Мне нужно авторизовать мое приложение (далее именуемое «Logic») для управления пользователями области Keycloak. «Logic» уже аутентифицируется в этой области с типом предоставления доступа «Учетные данные клиента», поэтому код уже работает.
Теперь в консоли администрирования Keycloak мне нужно добавить правильную роль для моего клиента, чтобы «Logic» имел право вызывать любую конечную точку API, предоставляемую Keycloak для управления пользователями области.
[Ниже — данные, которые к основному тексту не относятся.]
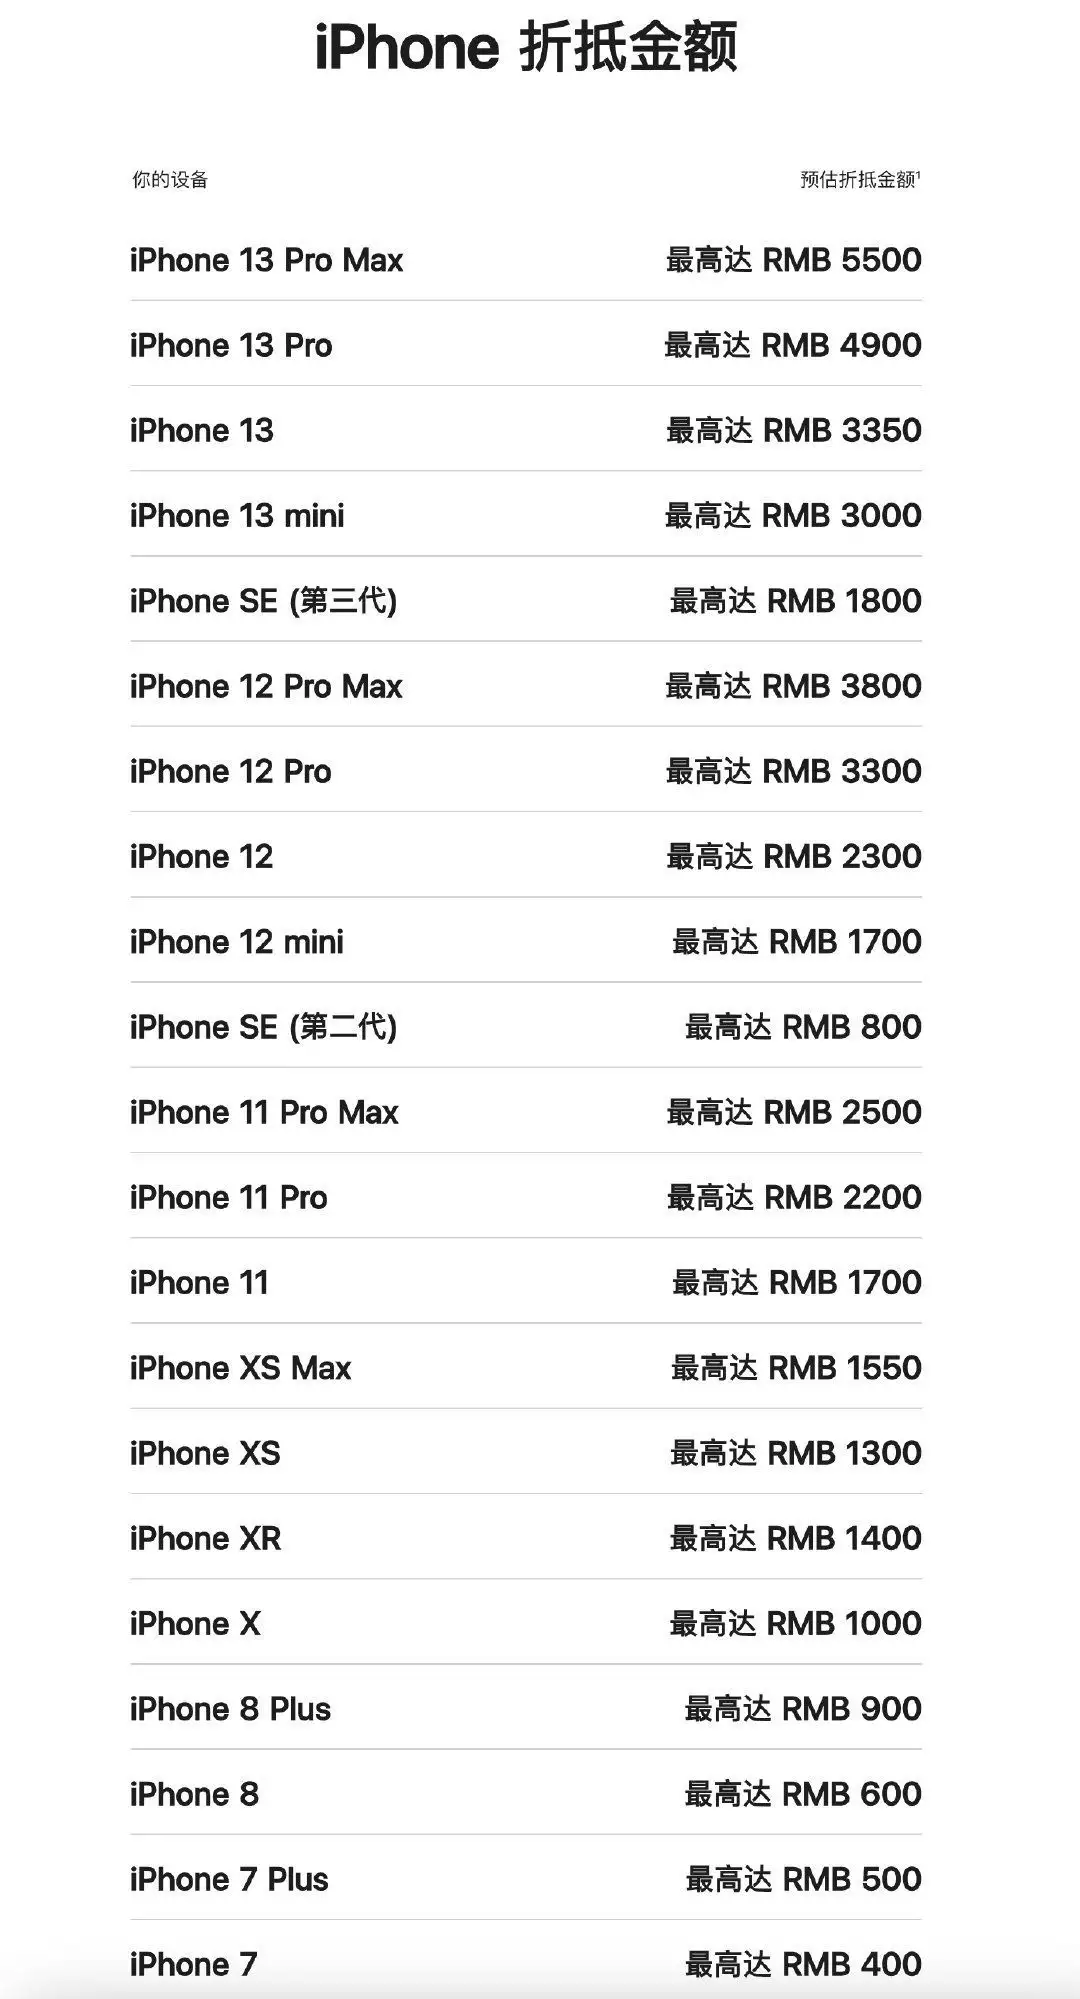 苹果官网上调折抵换购价格，iPhone 13 Pro Max 最高可抵 5500 元张紫妍被潜规则后轻生！同时“招待”4位客人，遗书揭露韩娱黑暗（苹果折抵换购会降价吗）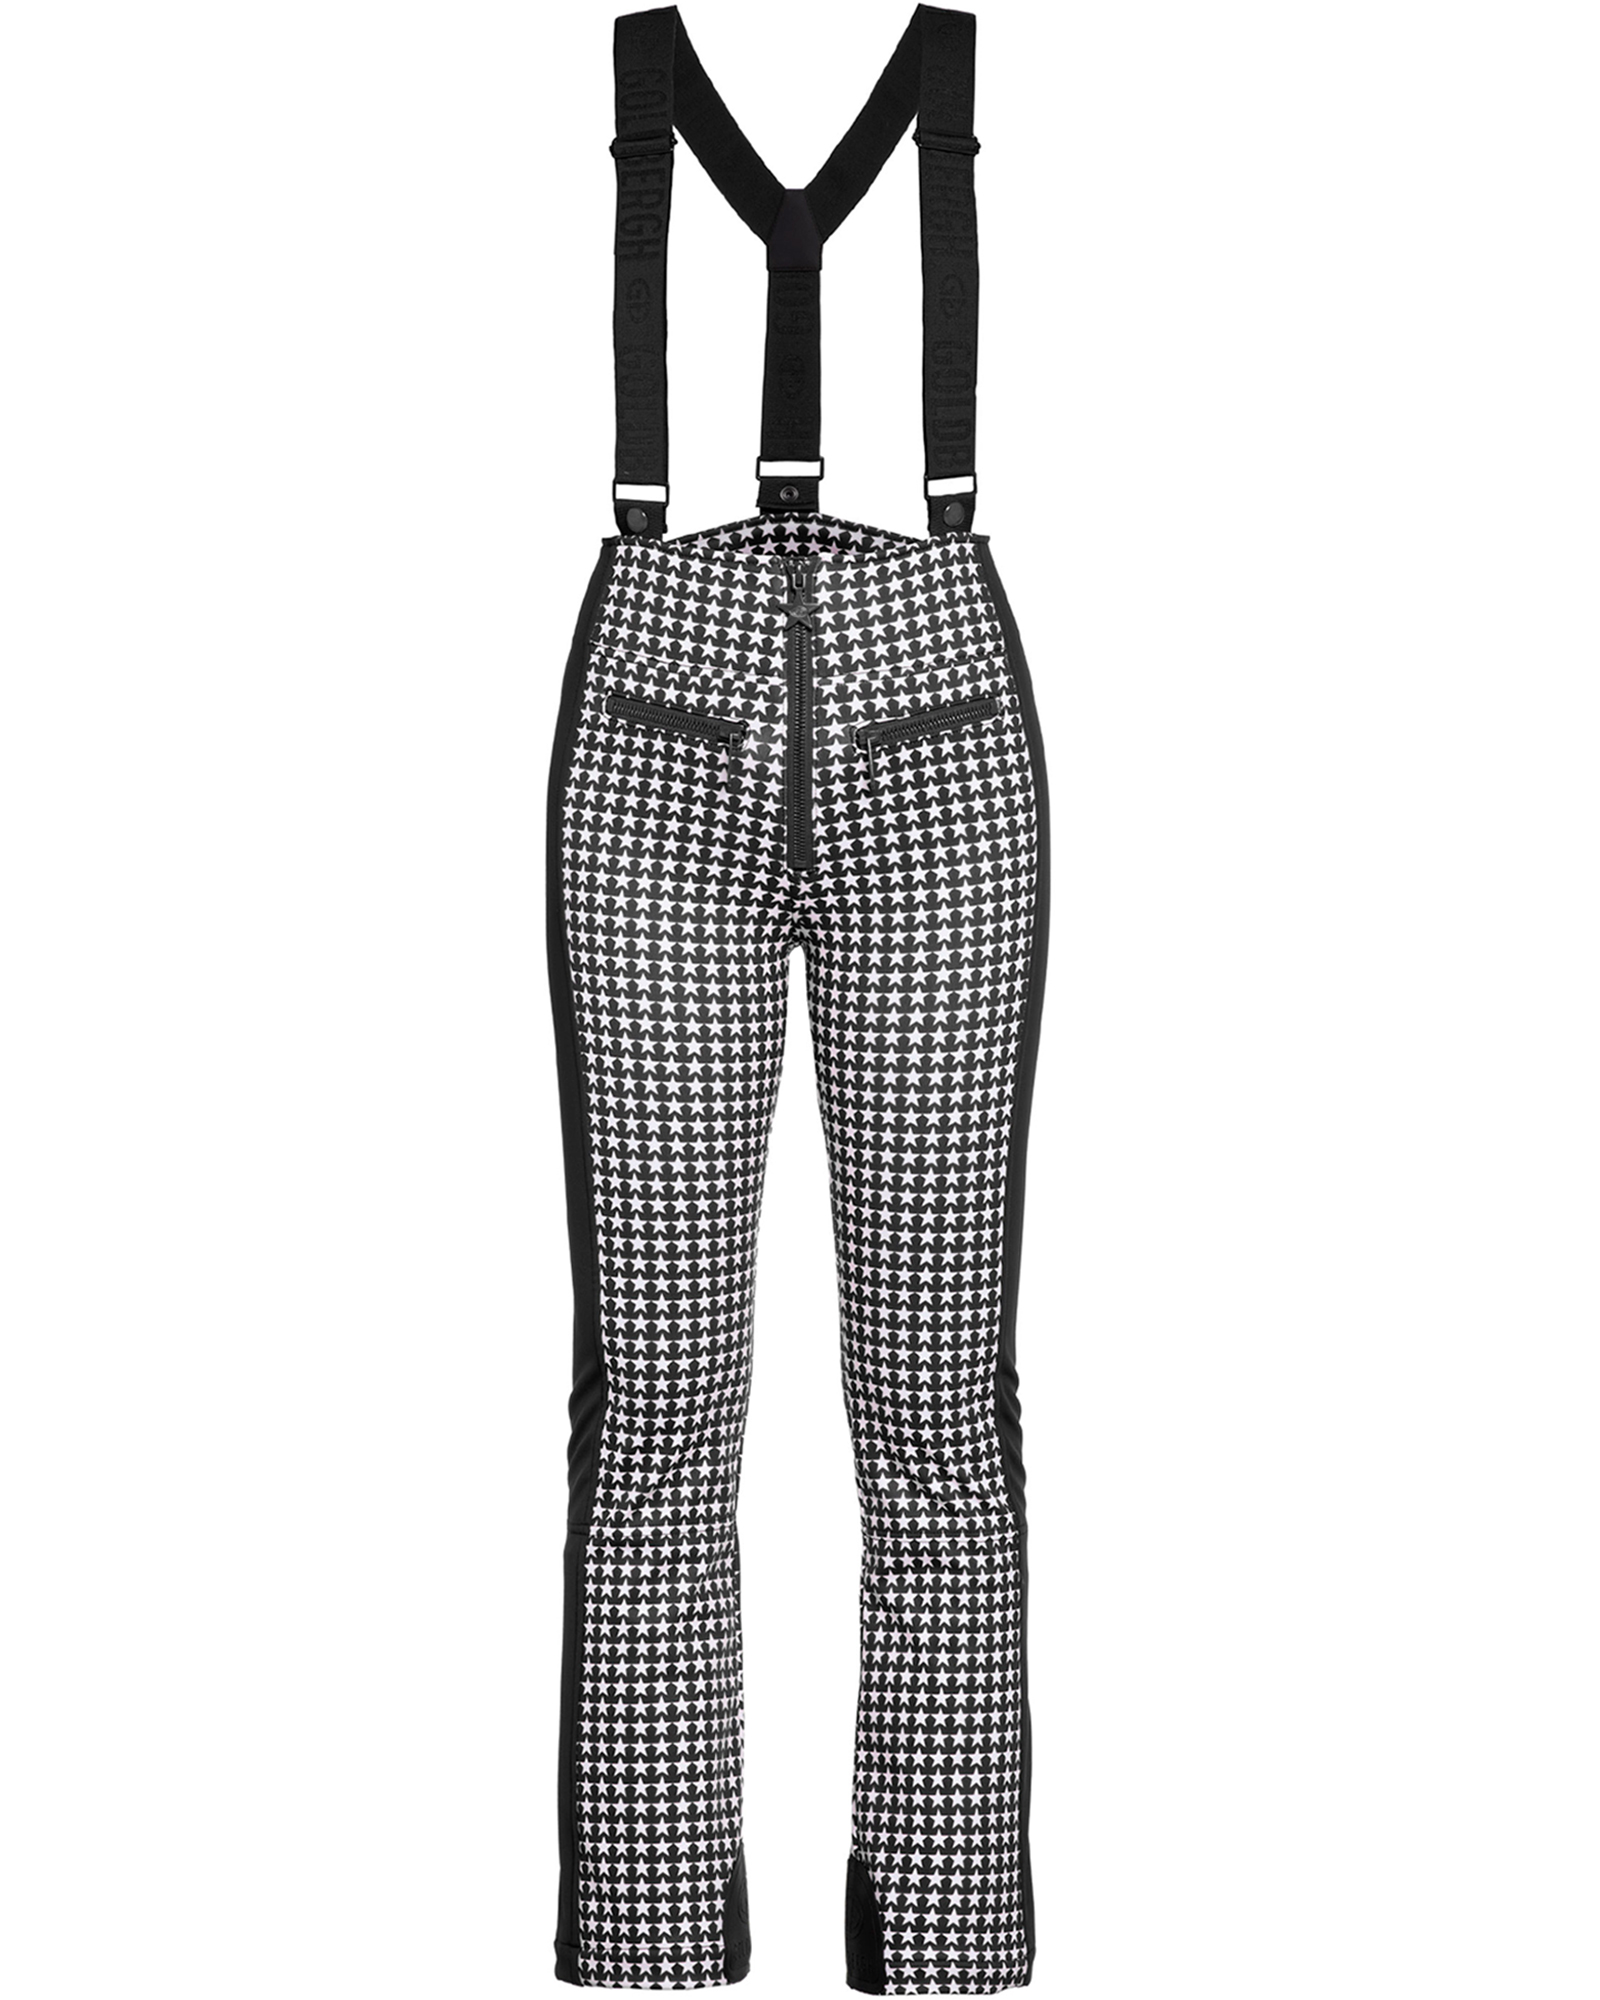 Goldbergh Women’s Starski Stretch Pants - Black/White Check 8

В списке клиентов области есть клиент с именем realm-management, который Keycloak предоставляет по умолчанию для каждой области. Этот клиент может управлять всей областью, а не только ее пользователями, и для этого у него есть список ролей клиентов. manage-users— одна из ролей в этом списке, и это роль, которую мне нужно назначить моему другому клиенту (которому я дал имя logicв Keycloak). Другими словами, мое приложение «Logic» использует идентификатор клиента keycloak logicдля своей аутентификации, и мне нужно добавить manage-usersроль клиенту logic.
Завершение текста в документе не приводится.